By: Bill Willingham (story), Mark Buckingham (pencils), Steve Leialoha (inks), Lee Loughridge (colors)

The Story: Evidently, no one ever told Dare about the downsides of heroism.

The Review: I have to confess that when I first picked up this series, I almost regretted it shortly afterward.  The story arc running at that time involved the Fables anxiously awaiting their doom by Mister Dark, only to have the North Wind step in and save them all at the last minute.  This development was deeply disappointing as it just sucked away all the tension Willingham built up over this impossible foe, basically concluding with two godlike immortals fading out quietly.

I figured if this was the kind of finish I could expect on a storyline with stakes this big, what could I expect with later arcs that had less scale?  Anyway, I stayed on; it would’ve felt a little silly dropping the title when after only three issues.  Since then, we’ve had quite a bit of soft material (the entire contest for the new North Wind was pretty much just for fun), and only now have we reached a point in Fables where you feel you have something to lose.

By this issue, Therese has nothing left to do except wait either to be saved or to eventually perish by starvation or regicide.  It’s pretty clear that whatever the Madland toys thought would happen to them when she became their queen probably isn’t going to work out.  Indeed, they’ve finally just started to catch on to that notion themselves, though it’s unclear how they’ll deal with that realization.  It makes you wonder how they came to this semi-religious tradition in the first place.

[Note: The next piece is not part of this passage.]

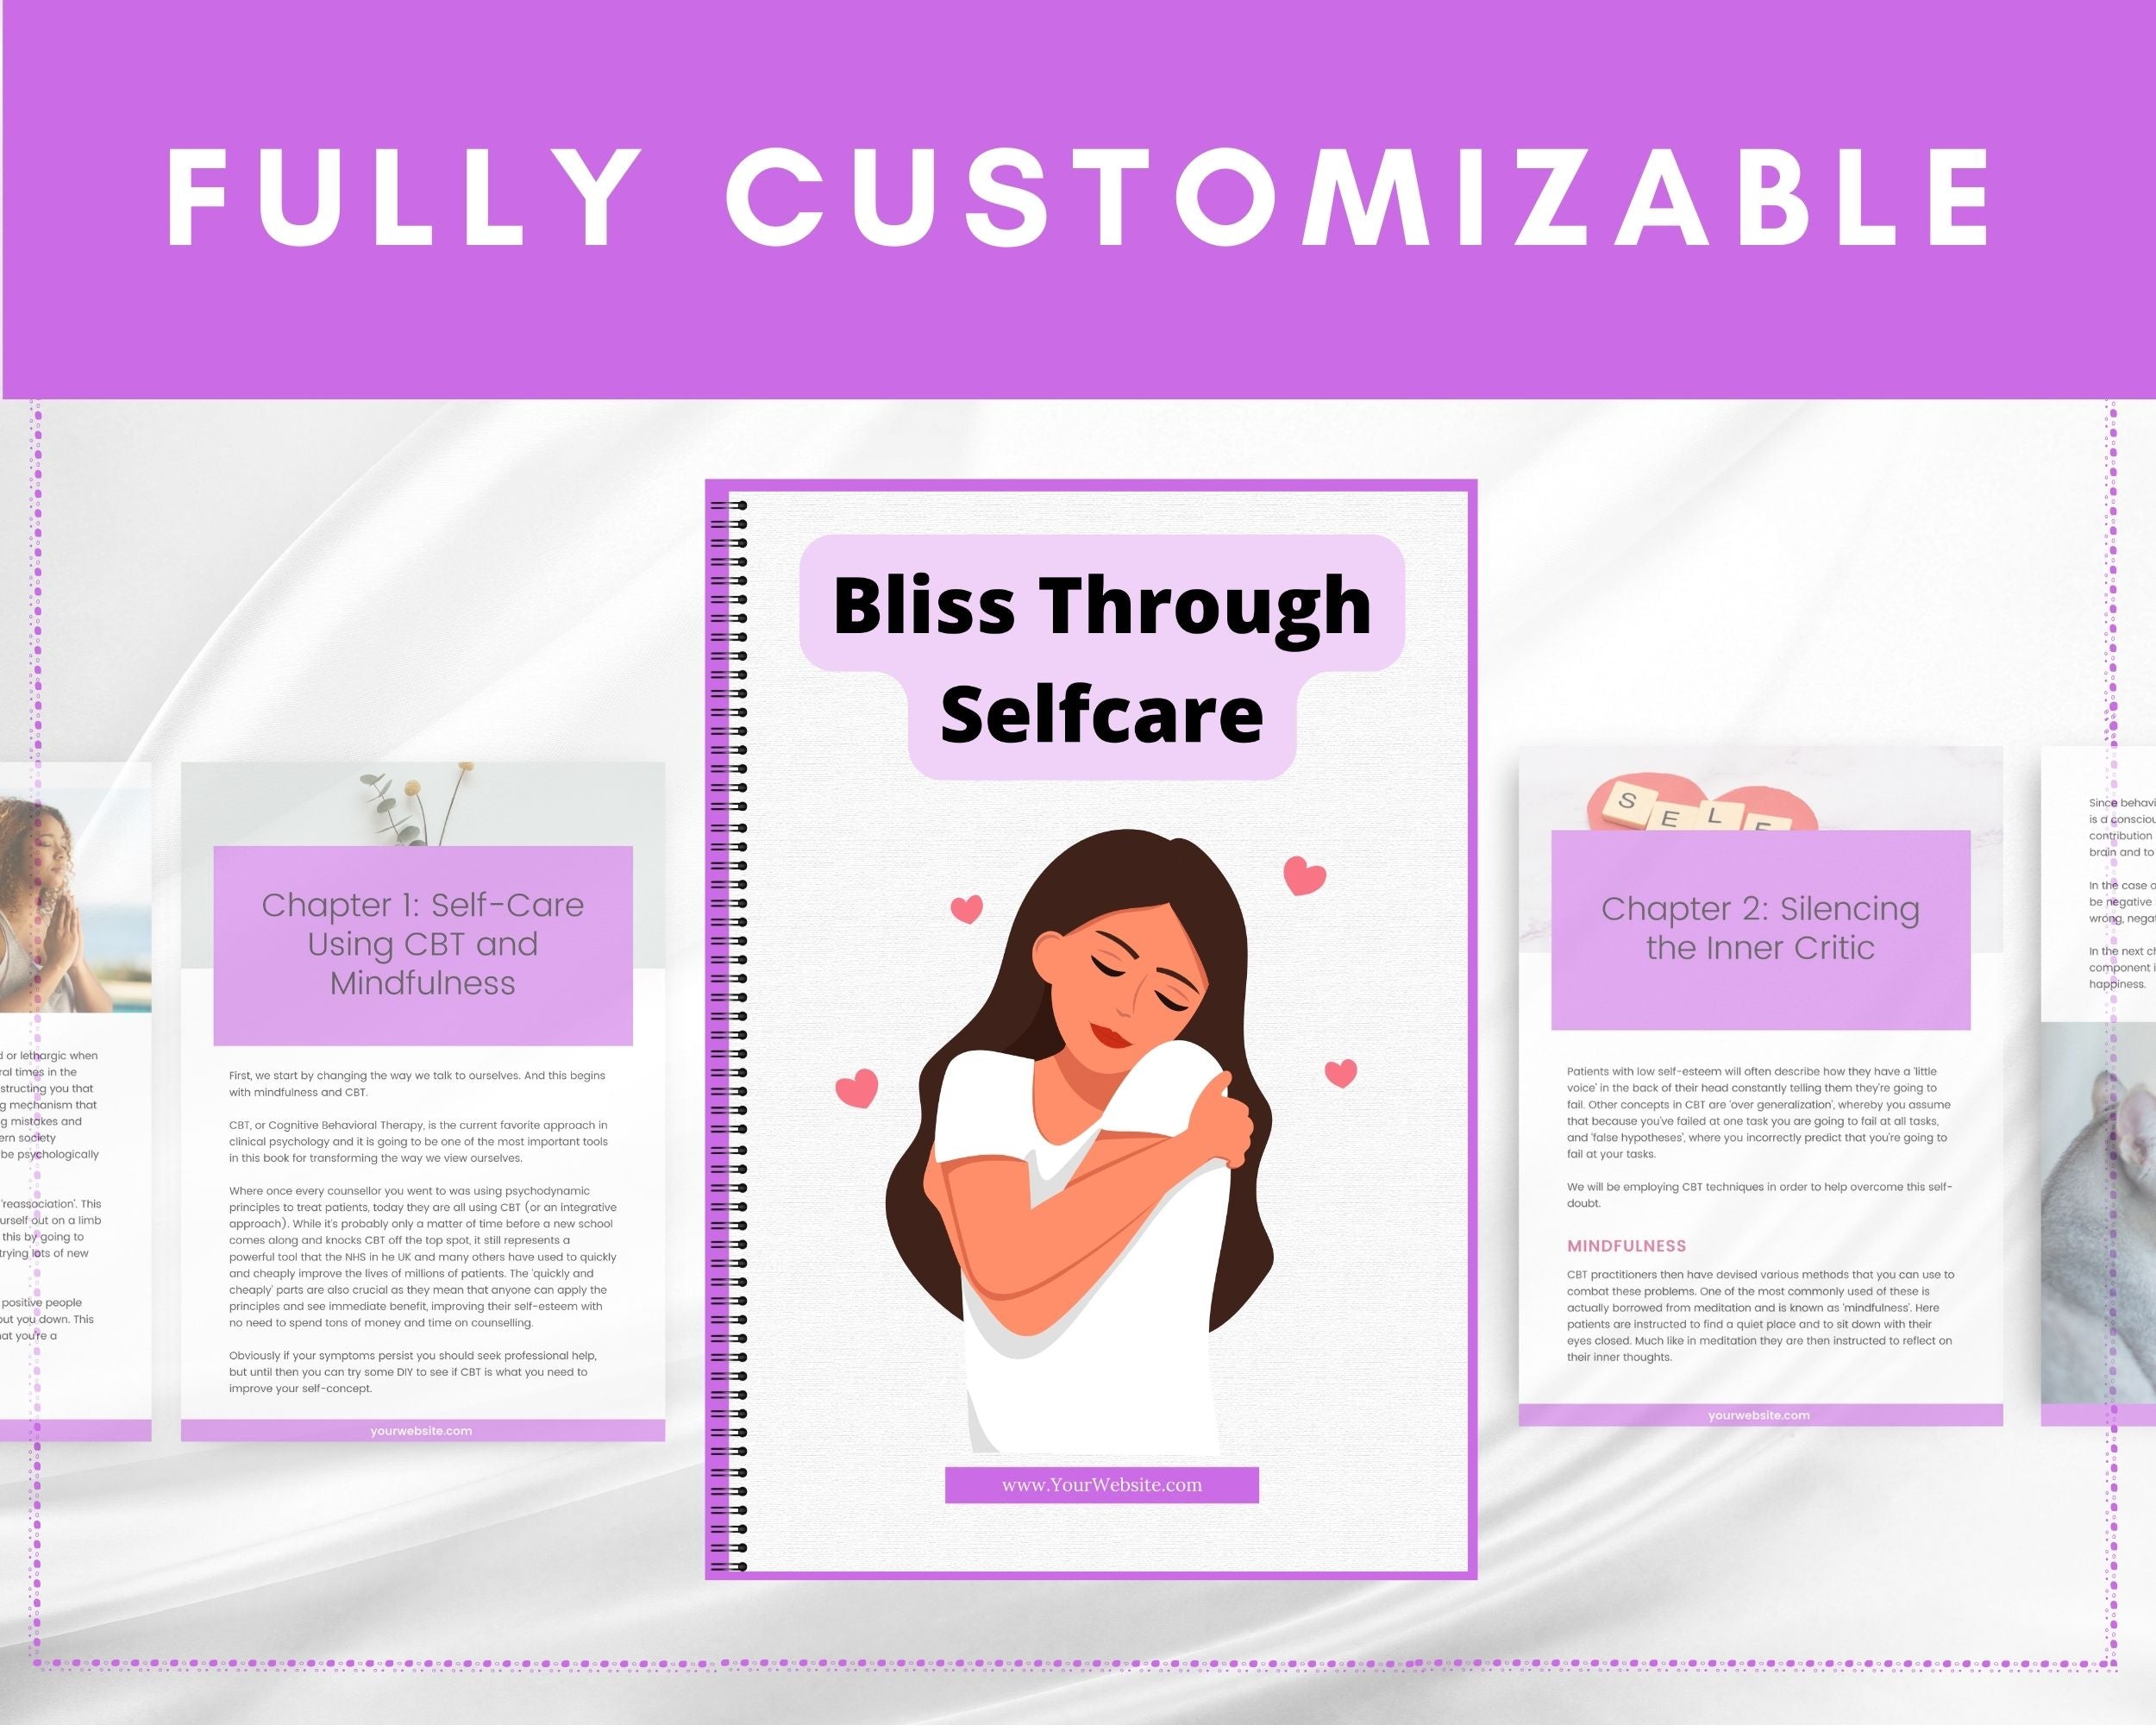 Editable Bliss Through Self-Care Ebook | Done-for-You Ebook in Canva | Rebrandable and Resizable Canva Template
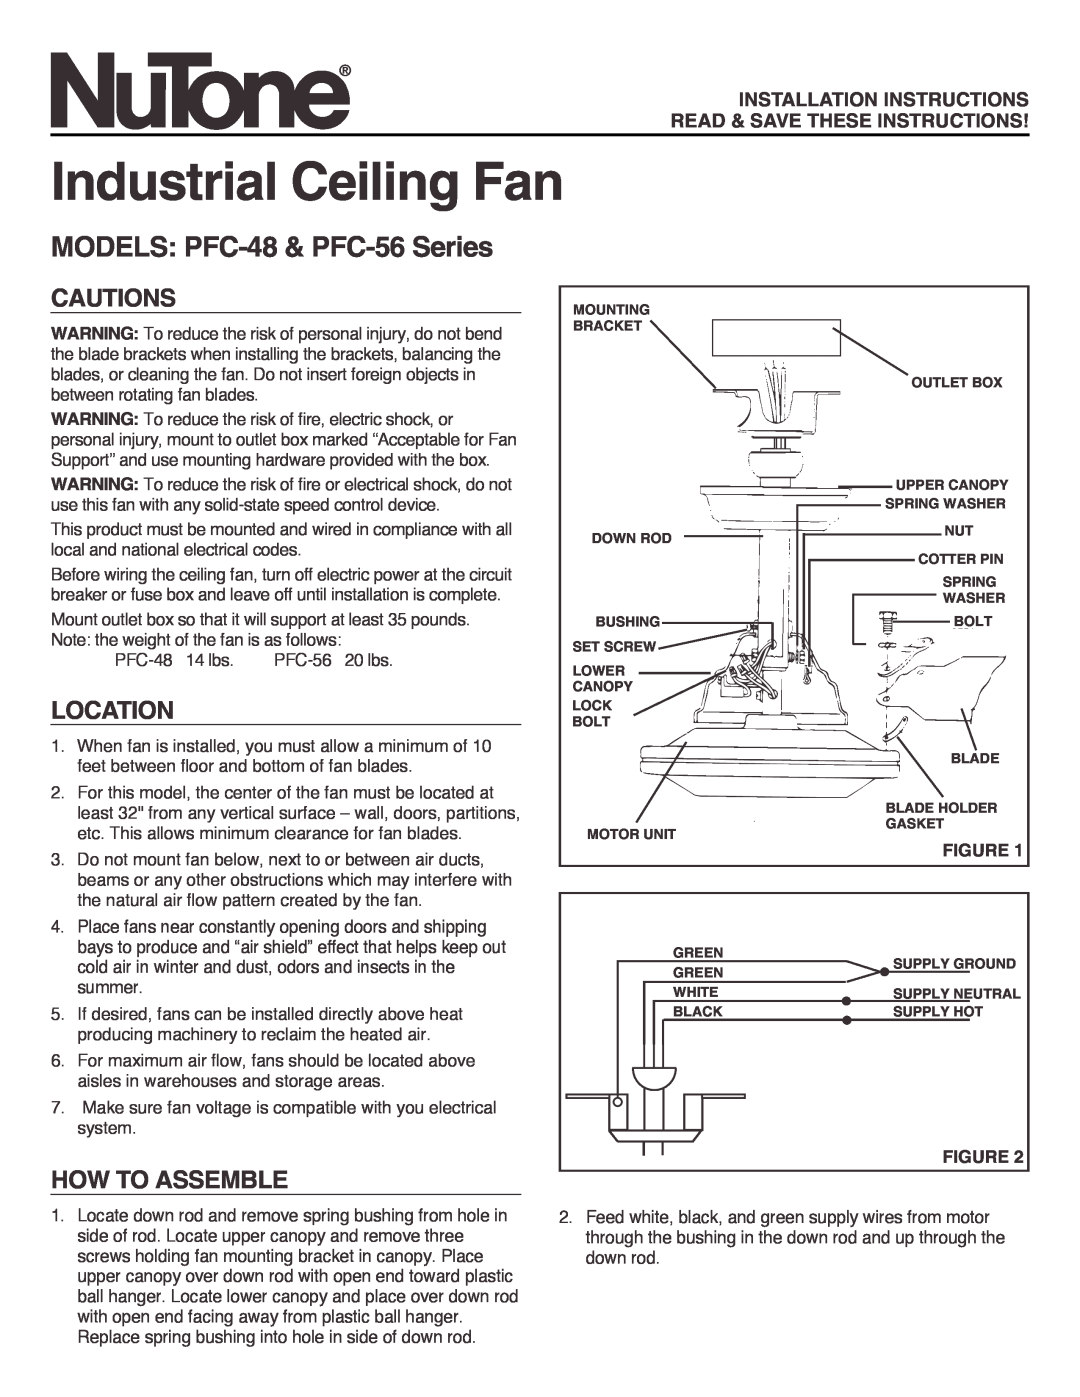 NuTone PFC-56, PFC-48 installation instructions Cautions, Location, How To Assemble, Industrial Ceiling Fan

Religion, or at least religious motifs, plays a huge role in this issue.  In addition to Arthurian legend and Celtic mythology, Willingham definitely casts Darien as a Christ figure.  He goes through his own agony in the garden at the beginning of the issue, receiving and resisting visions which all tell him what he must give up to save the day.  Yet if he turns out to be the sacrificial lamb in this story, then he’ll be saving more than just his sister.  The repeated mention of the Fisher King reminds you in that tale, the destined knight would restore not only the king’s health, but that of his wasted land as well.

Major spoiler alert.  Ah, man.  Dare.  Granted, I never much liked the cocky little brat, but I definitely would never wish this kind of ending for a kid, even a fictional one.  Perhaps even sadder than seeing his final act is his physical and psychological toil leading up to it.  He strives at first to find a way to avoid the hard choice, but once he chooses, he still has to labor to make it happen, essentially digging his own grave.  Believe me when I say it’s one of the more shudder-inducing scenes you’ll have seen in a long time.

Buckingham rises up to the occasion by depicting it with great taste and reservation.  He realizes the substance of the scene is graphic enough; simply drawing it straight gets the job done without exploiting the violence of it.  That said, his strength has always leaned more towards design than anything else, and he proves it with all the stained glass-inspired imagery he uses for Darien’s visions, reinforcing the metaphor of Dare as religious martyr.

Talk about Bufkin in Oz, you say?  If I must.  As you might well imagine, revolution in that wacky land has its humorous side, even at its bloodiest.  Shawn McManus approaches his little feature with a bright, lively hand, in rather grim contrast to the actual atrocity taking place.  And I suppose it’s worth mentioning Bufkin’s intelligent, philosophical method of rebellion.  Who knew a wingless monkey could have such leadership skills?

Conclusion: A praiseworthy issue, if only because Willingham tackles an exceptionally sensitive and outrageous subject with such care that it never once feels unnecessary or gratuitous.

Grade: B+

– Minhquan Nguyen

Some Musings: – Boy, it’s weird seeing grown-up Ambrose.  Still a bid pudgy around the middle I see, though the leather jacket suits him.